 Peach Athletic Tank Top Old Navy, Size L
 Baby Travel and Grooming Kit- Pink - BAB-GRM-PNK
---
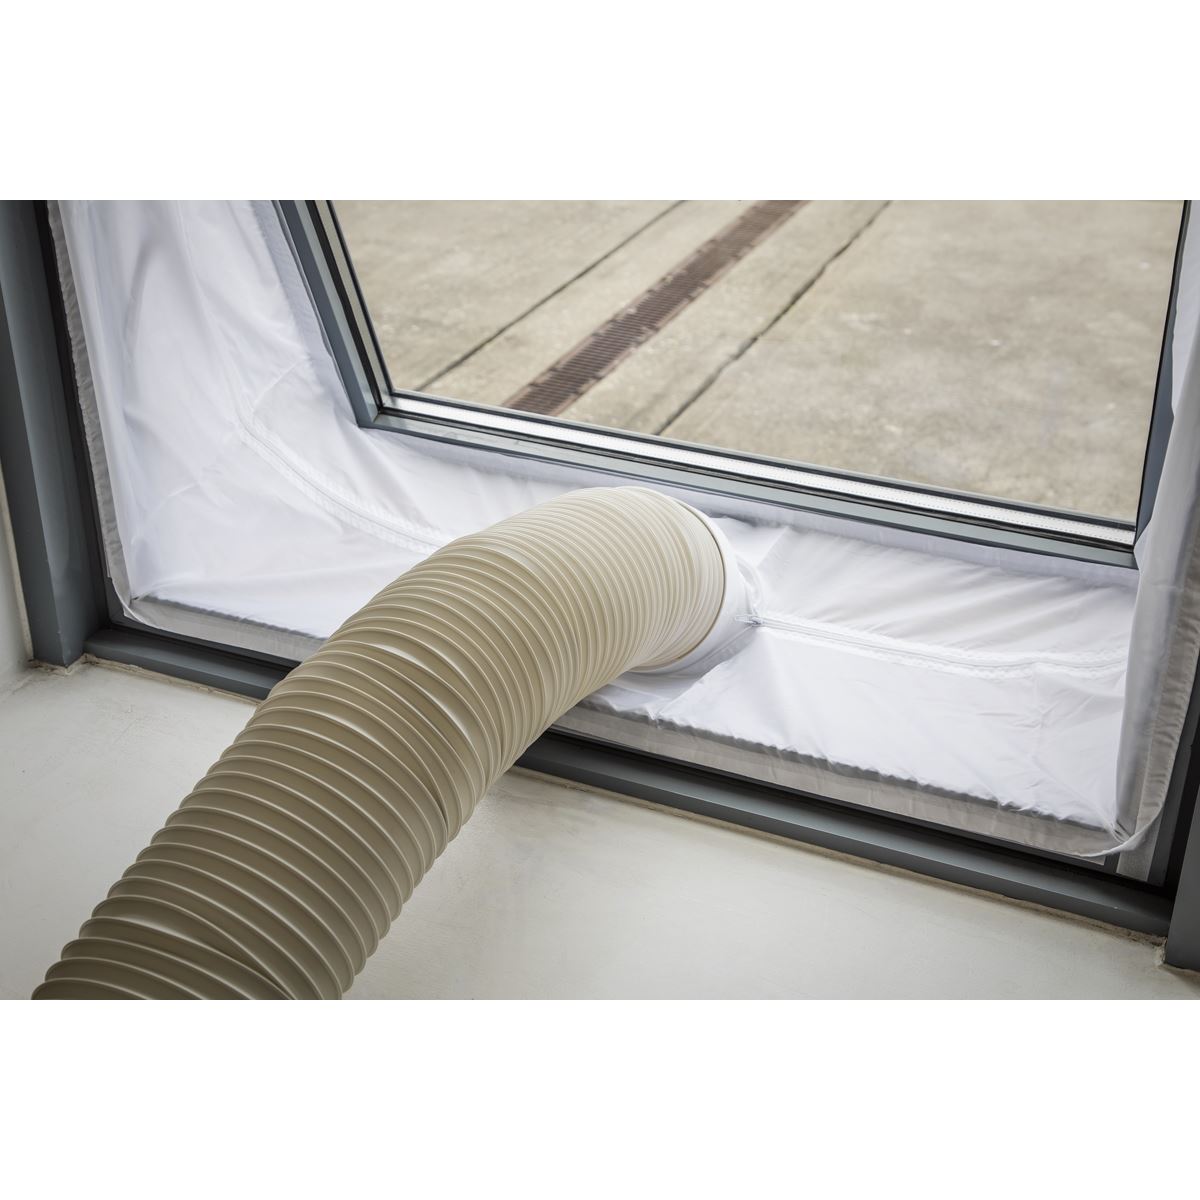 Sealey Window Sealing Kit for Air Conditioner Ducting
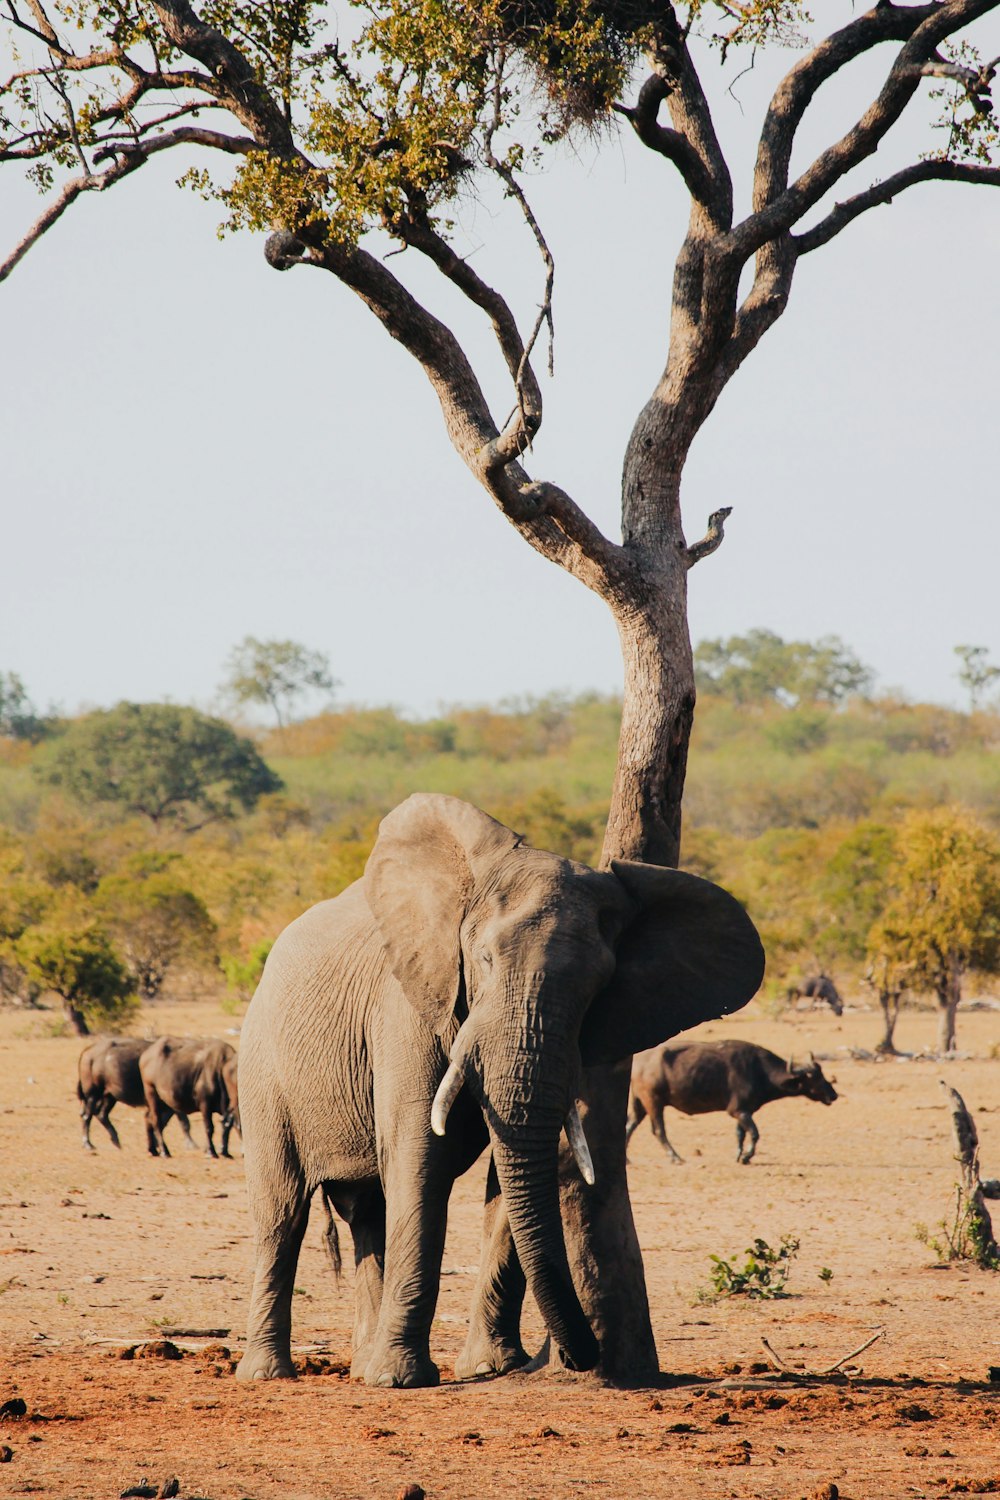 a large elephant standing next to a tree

How to complete this task:
Though the entries above contain pictures, none should be copied; reproduce only the lines between the one holding "Sealey Window Sealing" and the one holding "a large elephant standing next to a tree", inclusive, exactly as written.

Solution for this exercise:
 Sealey Window Sealing Kit for Air Conditioner Ducting
 a large elephant standing next to a tree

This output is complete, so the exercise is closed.